# Thread: How to solve for x in an equation

1. ## How to solve for x in an equation

Solve for x.
x^n = x^(1/n)

How would we solve for x in this case? Would we move the x^(1/n) over to the left side and set it to zero. Then we factor out the left side? Please help me with this. Thanks

2. Why have you encountered this equation? Perhaps it is only a thought / property question. Rephrase in words and think about it.

What number is alterered identically by a power and a root.

The square is the square root.
The cube is the cube root.

There are not too many candidates.

Does it make a difference if x is positive or negative?
Does it make a difference if n is odd or even?

Again, why have you encountered this equation?

3. This is the problem. I am stuck on b). I have concluded that in order to find point A we must set x^n = x^(1/n) equal to each other because that is where they intersect. After finding x we can plug it back in the equation to find y and thus we would have a coordinate. But the problem is I don't know how to find x. Is there a better way to solve this or am I on the right track? Thanks for the help.
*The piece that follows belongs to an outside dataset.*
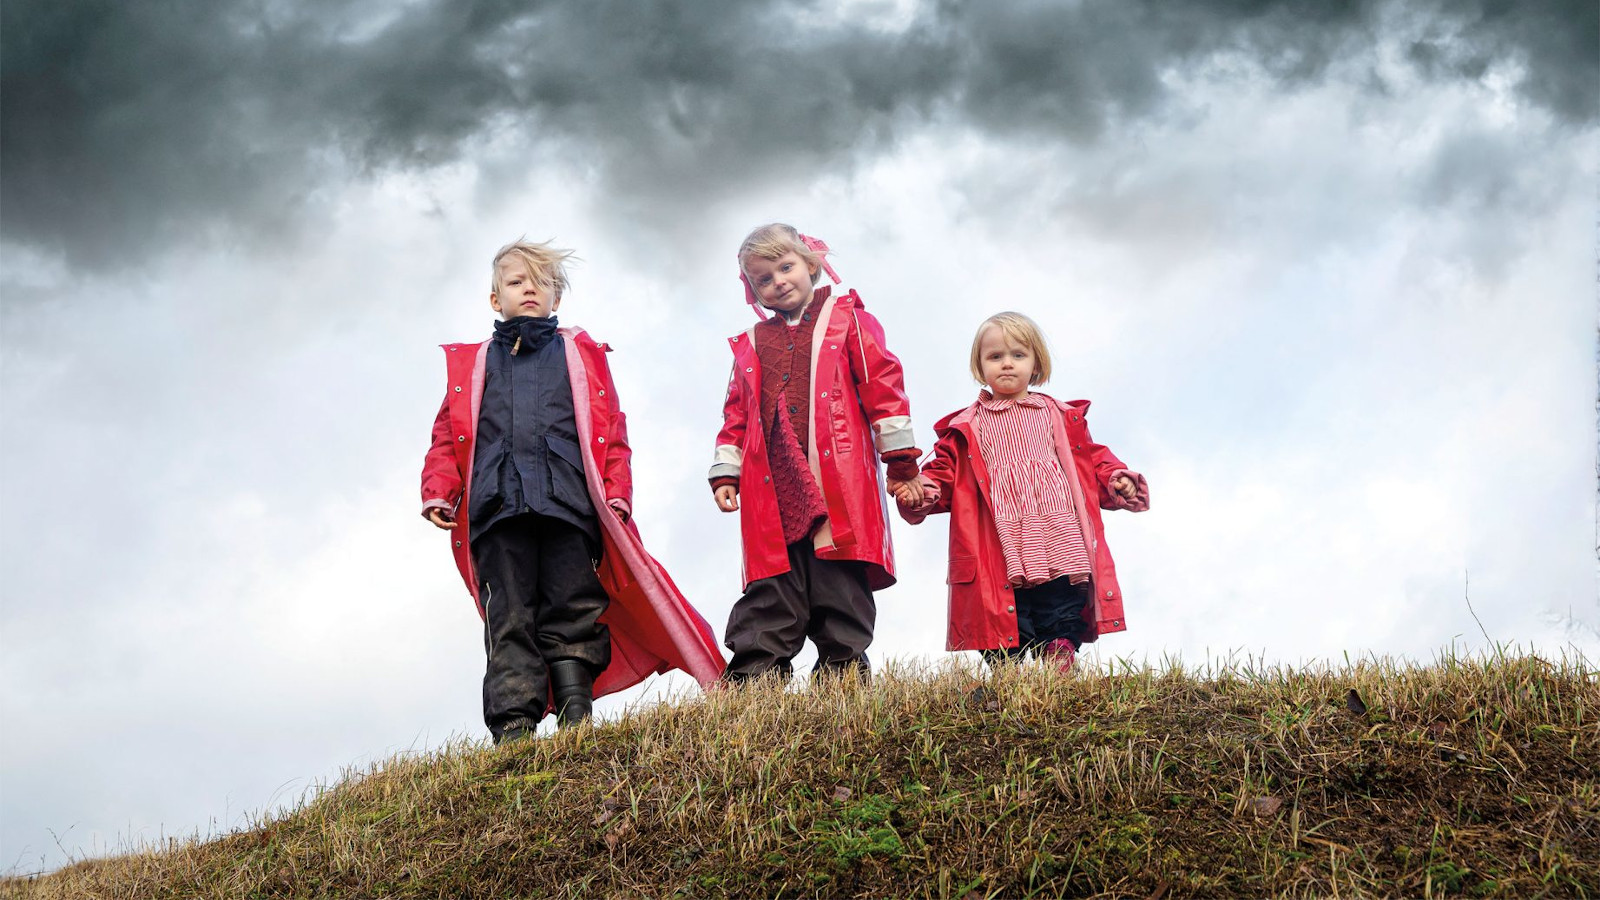 Kuvassa on kolme lasta kumpareen päällä ja heillä on päällään punaiset takit.
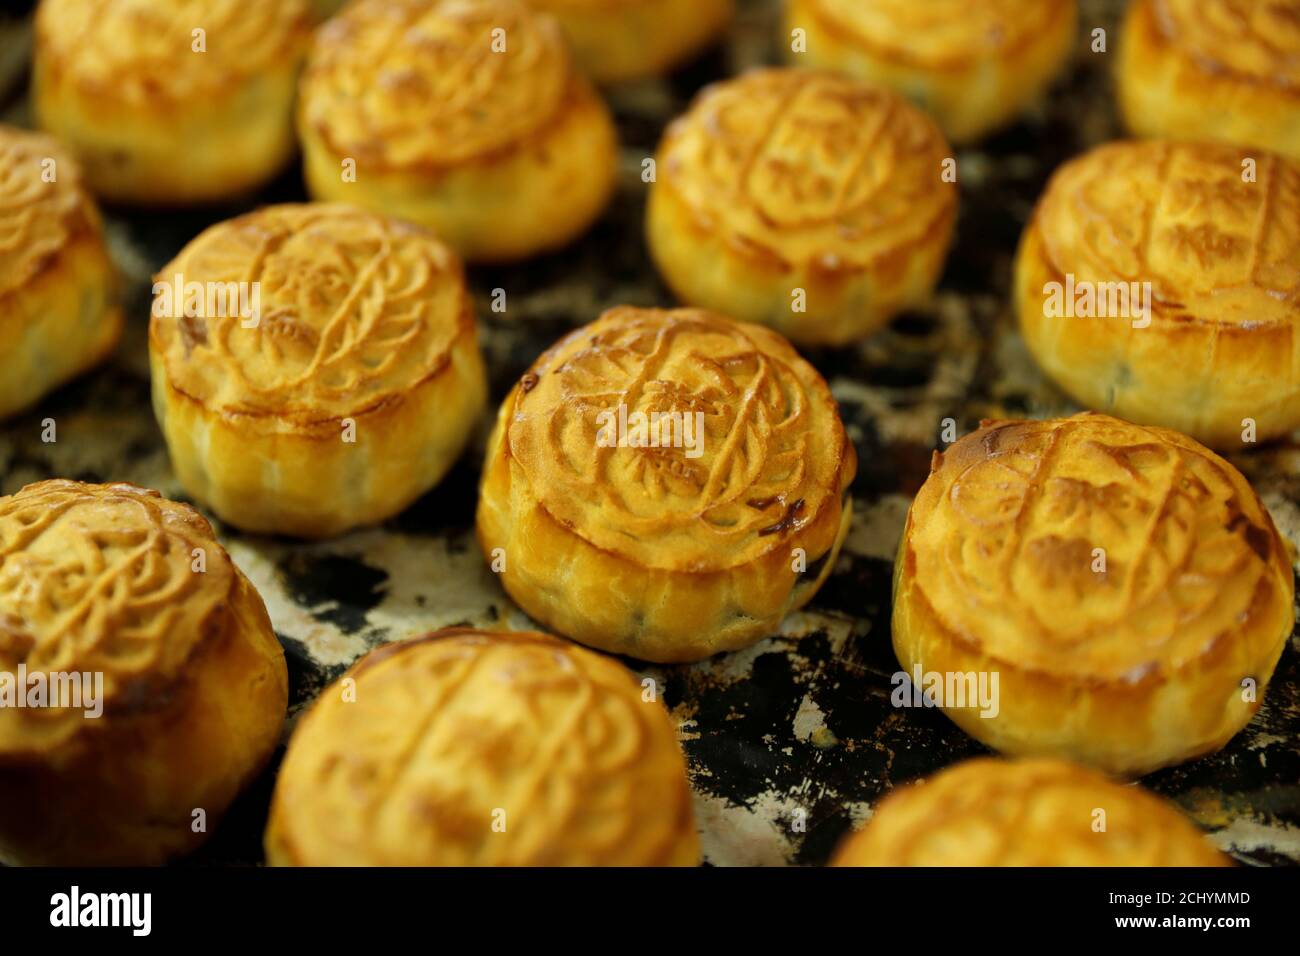 Mooncakes with Chinese words 'Hongkonger' are seen at Wah Yee Tang Bakery in Hong Kong, China July 12, 2019. REUTERS/Tyrone Siu Stock Photo

4. Originally Posted by florx

This is the problem. I am stuck on b). I have concluded that in order to find point A we must set x^n = x^(1/n) equal to each other because that is where they intersect. After finding x we can plug it back in the equation to find y and thus we would have a coordinate. But the problem is I don't know how to find x. Is there a better way to solve this or am I on the right track? Thanks for the help.
In the given graphs, suppose n =2. So, In the parabola $y = x^2$, the coordinate pairs are $(x, x^2)$. You should be able to see that the following points are on the graph: (1, 1), (−1, 1), (2, 4), (−2, 4), and so on.

The graph of the square root function is related to $y = x^2$. The coördinate pairs are $(x,\sqrt{x})$. For example, (1, 1), (4, 2), (9, 3), and so on.

So for any n, the graph of $y=x^{\frac{1}{n}}$ will not be negative.

5. So how would we explain that point A is (1,1)? The back of the book says that is the answer.

6. Hello, florx!

Your game plan is absolutely correct!

Solve for $x\!:\;\;x^n \:=\: x^{\frac{1}{n}}$

We have: . $x^n - x^{\frac{1}{n}} \;=\;0$

Factor: . $x^{\frac{1}{n}}\left(x^{\frac{n^2-1}{n}} - 1\right) \;=\;0$

And we have two equations to solve:

. . $x^{\frac{1}{n}} \:=\:0 \quad\Rightarrow\quad x \:=\:0^n \quad\Rightarrow\quad \boxed{x \:=\:0}$

. . $x^{\frac{n^1-1}{n}} - 1 \:=\:0 \quad\Rightarrow\quad x^{\frac{n^2-1}{n}} \:=\:1 \quad\Rightarrow\quad x \:=\:1^{\frac{n}{n^2-1}} \quad\Rightarrow\quad\boxed{x \:=\:1}\;\;\text{ for }n \neq \pm1$

7. That's just a little insane.

Back to my original question:
What number is alterered identically by a power and a root?

There are not too many candidates.
Only 0 and 1. finis.

Why drag through messy algebra with ambiguous exponents when it's really just a definition / property question?